*** Data shown ***

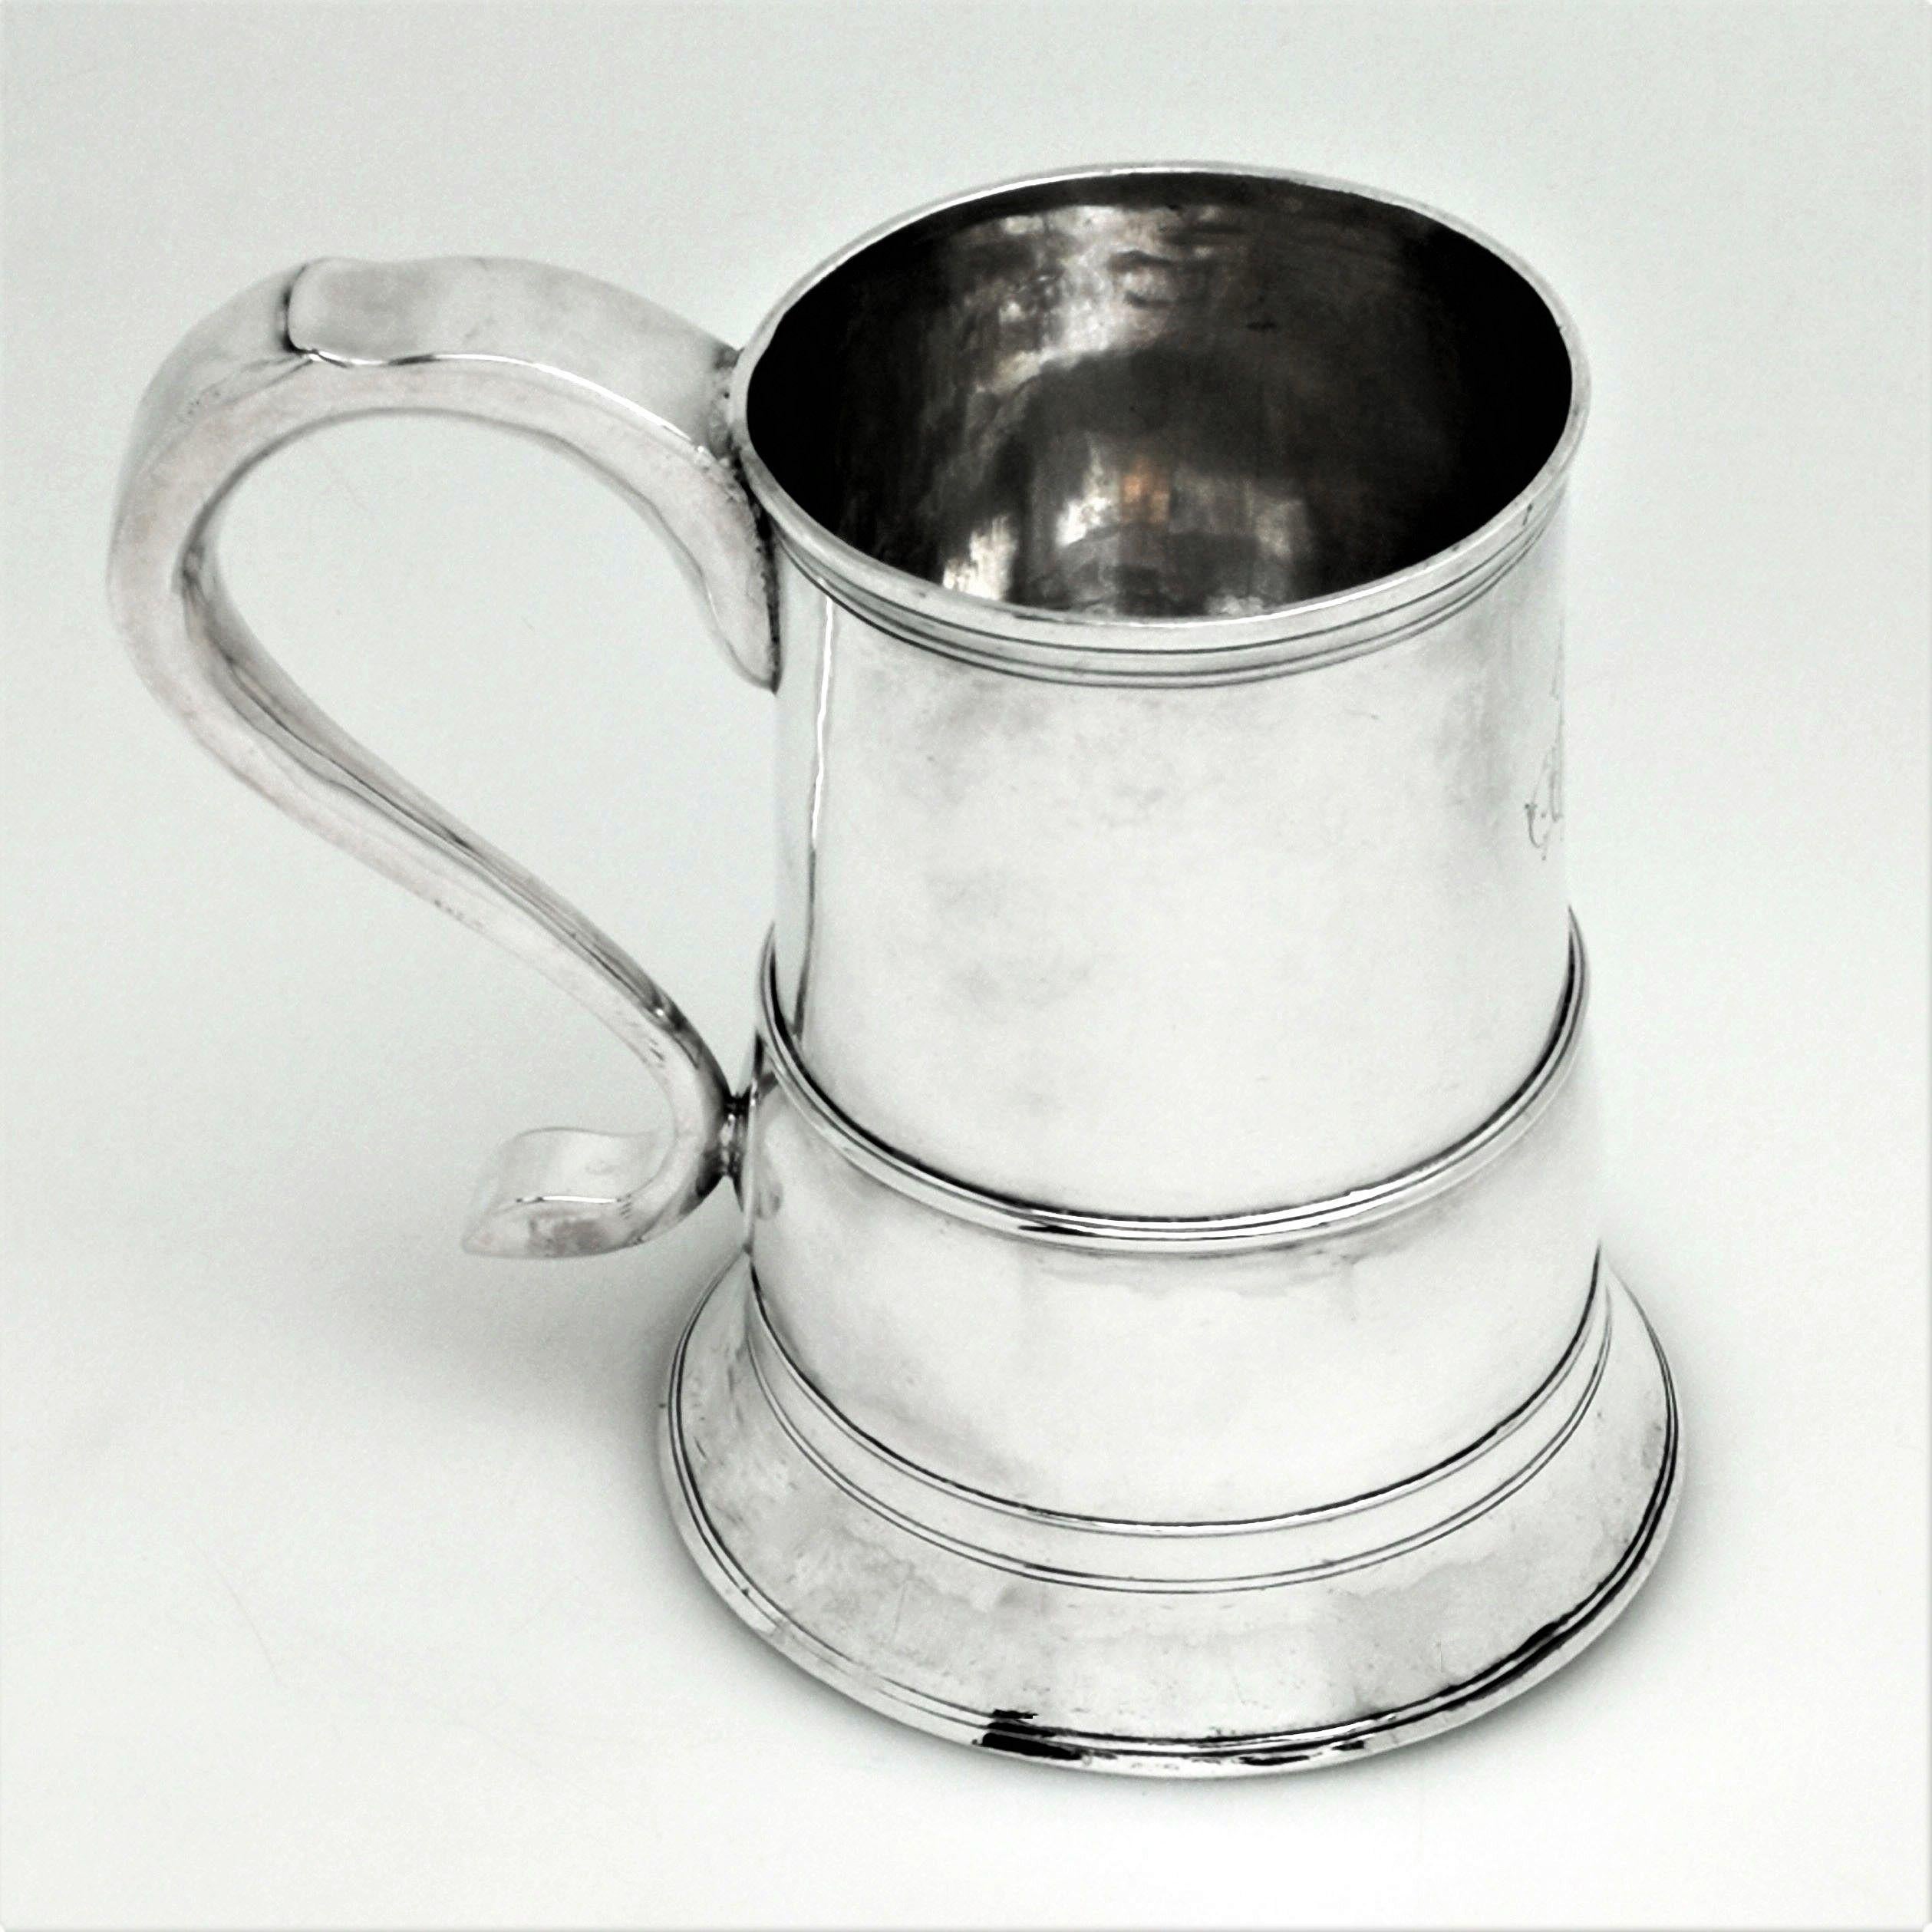 An impressive antique George III solid silver beer mug / tankard. This tankard has an unusual bellied band around the base of the body, deviating from the traditional straight sided design. This bellied band allows for an increased capacity while
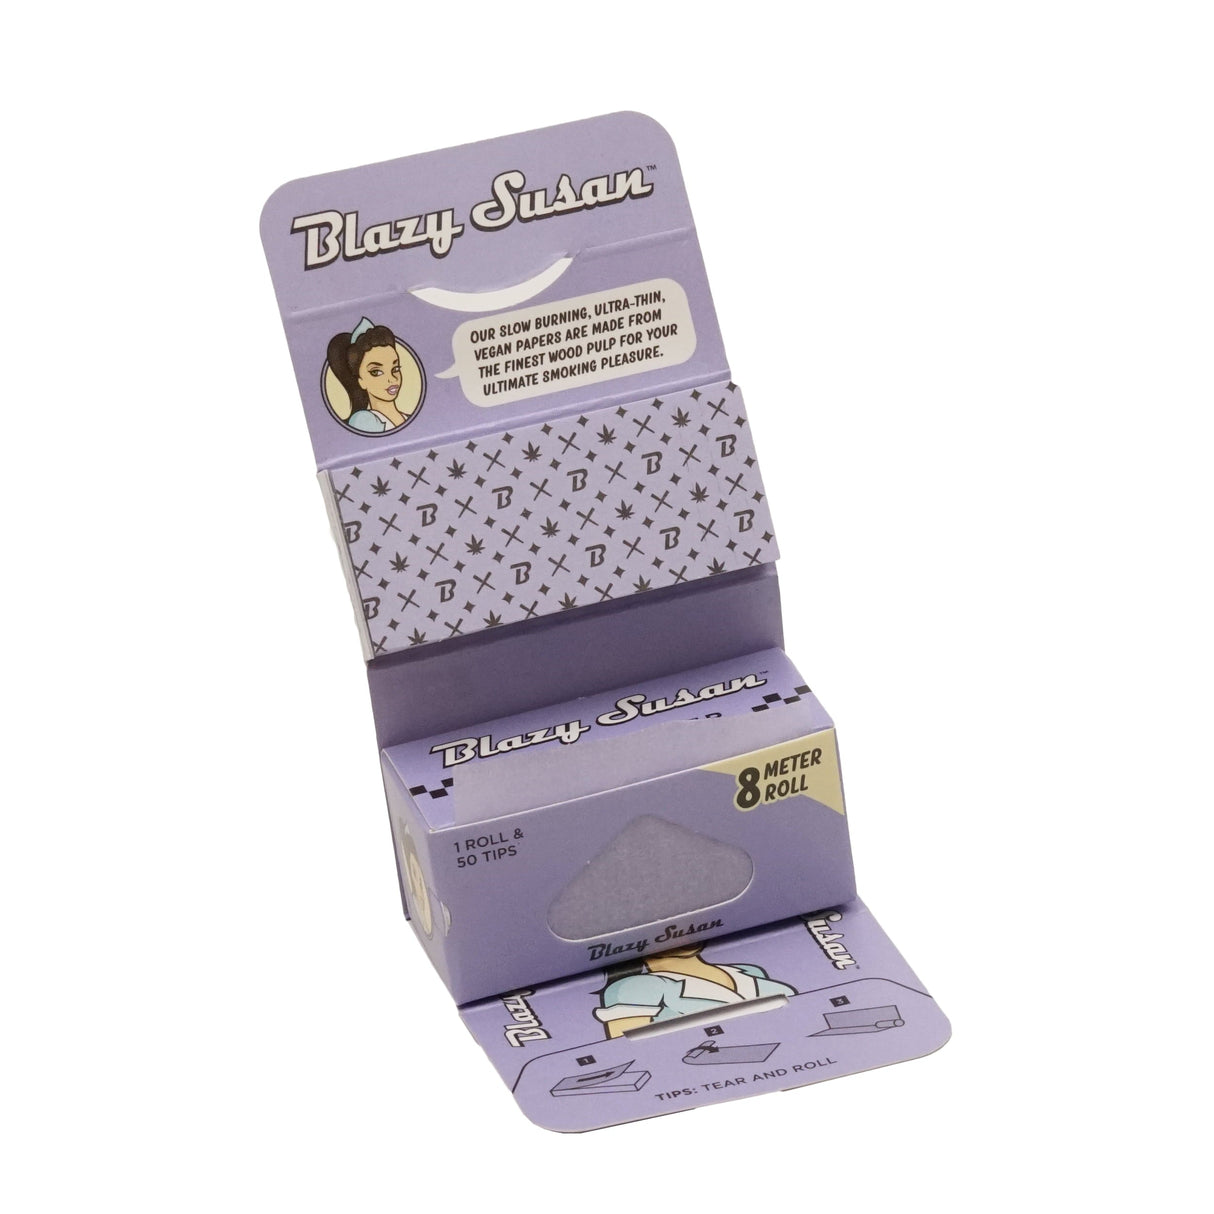 Blazy Susan Purple Rolling Papers pack open to display contents on white background
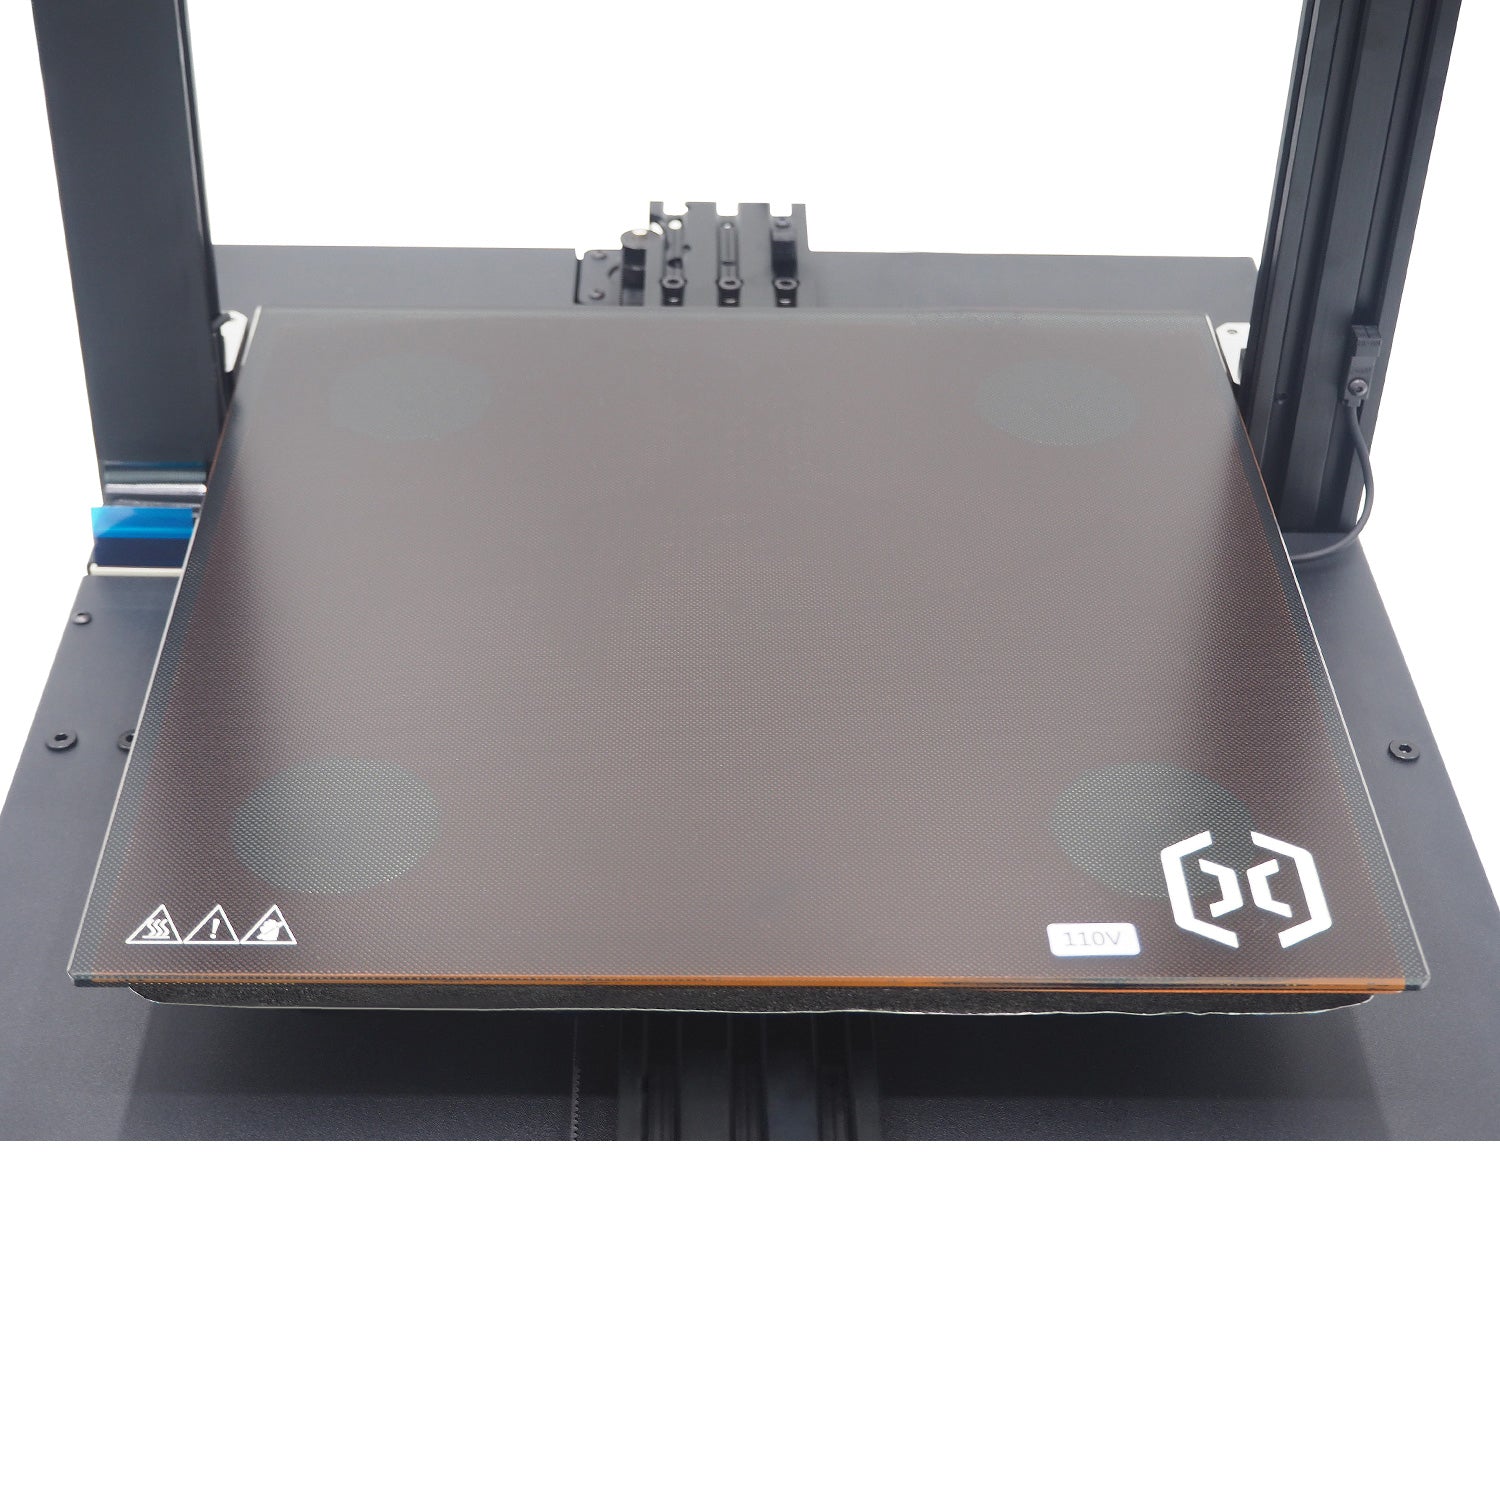 Light Slate Gray Artillery® Sidewinder X1 3D Printer Kit with 300*300*400mm Large Print Size Support Resume Printing&Filament Runout Detection With Dual Z axis/TFT Touch Screen
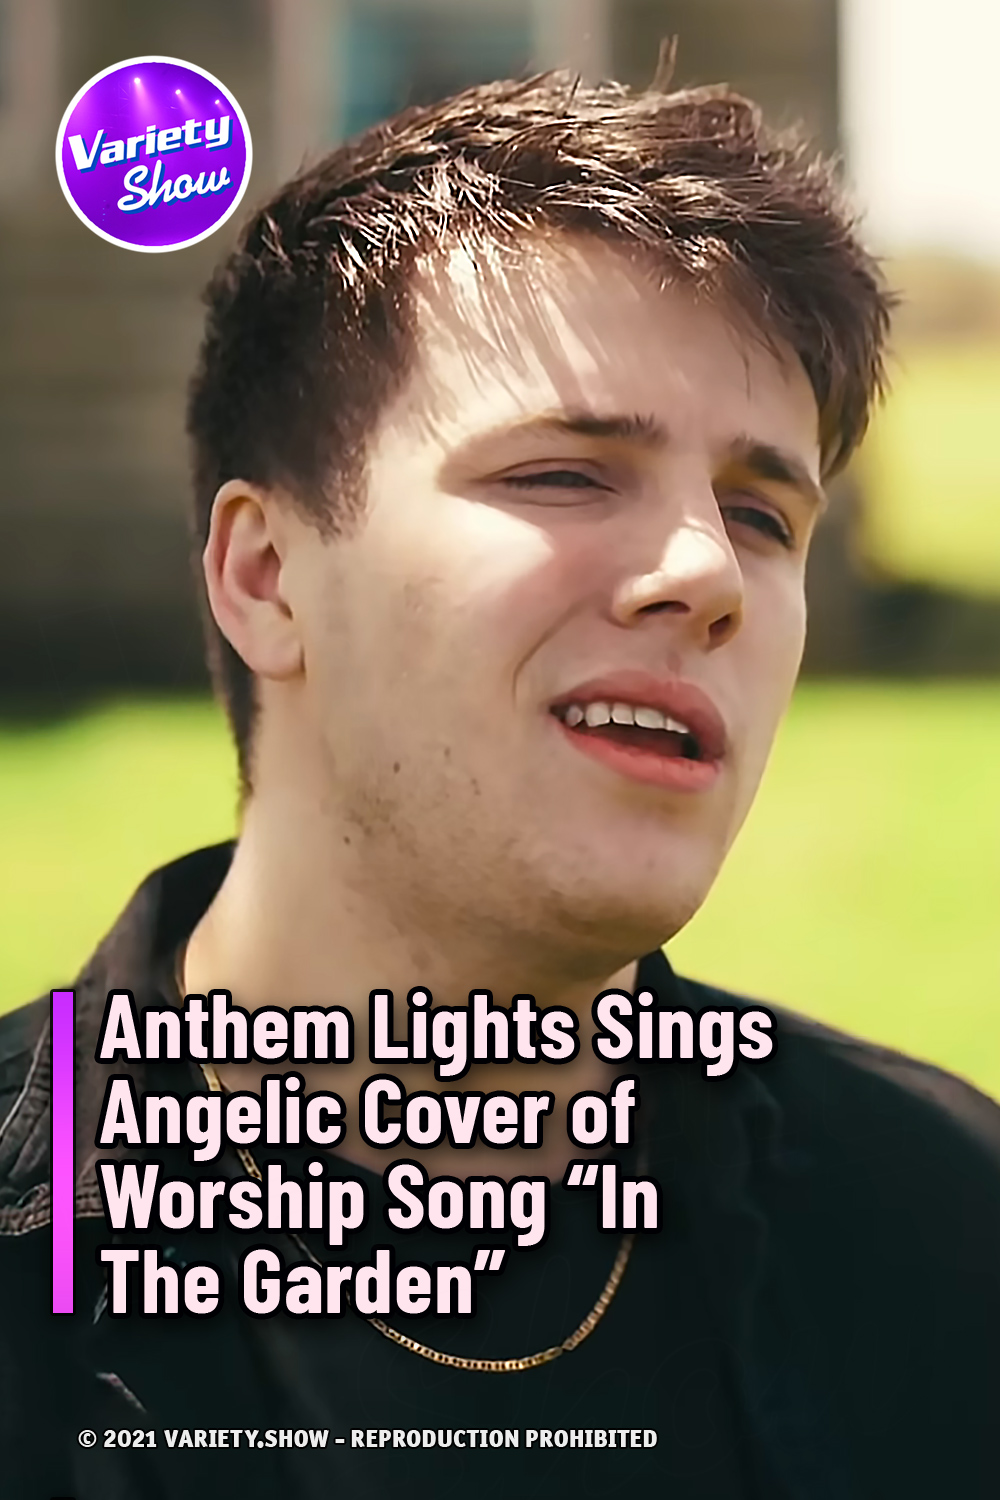 Anthem Lights Sings Angelic Cover of Worship Song “In The Garden”

*** End of Data shown ***

**Task details:**
Copy the material shown above in full and exactly. Skip the pictures.

**Exercise result:**
 An impressive antique George III solid silver beer mug / tankard. This tankard has an unusual bellied band around the base of the body, deviating from the traditional straight sided design. This bellied band allows for an increased capacity while
 Blazy Susan Purple Rolling Papers pack open to display contents on white background
 Light Slate Gray Artillery® Sidewinder X1 3D Printer Kit with 300*300*400mm Large Print Size Support Resume Printing&Filament Runout Detection With Dual Z axis/TFT Touch Screen
 Anthem Lights Sings Angelic Cover of Worship Song “In The Garden”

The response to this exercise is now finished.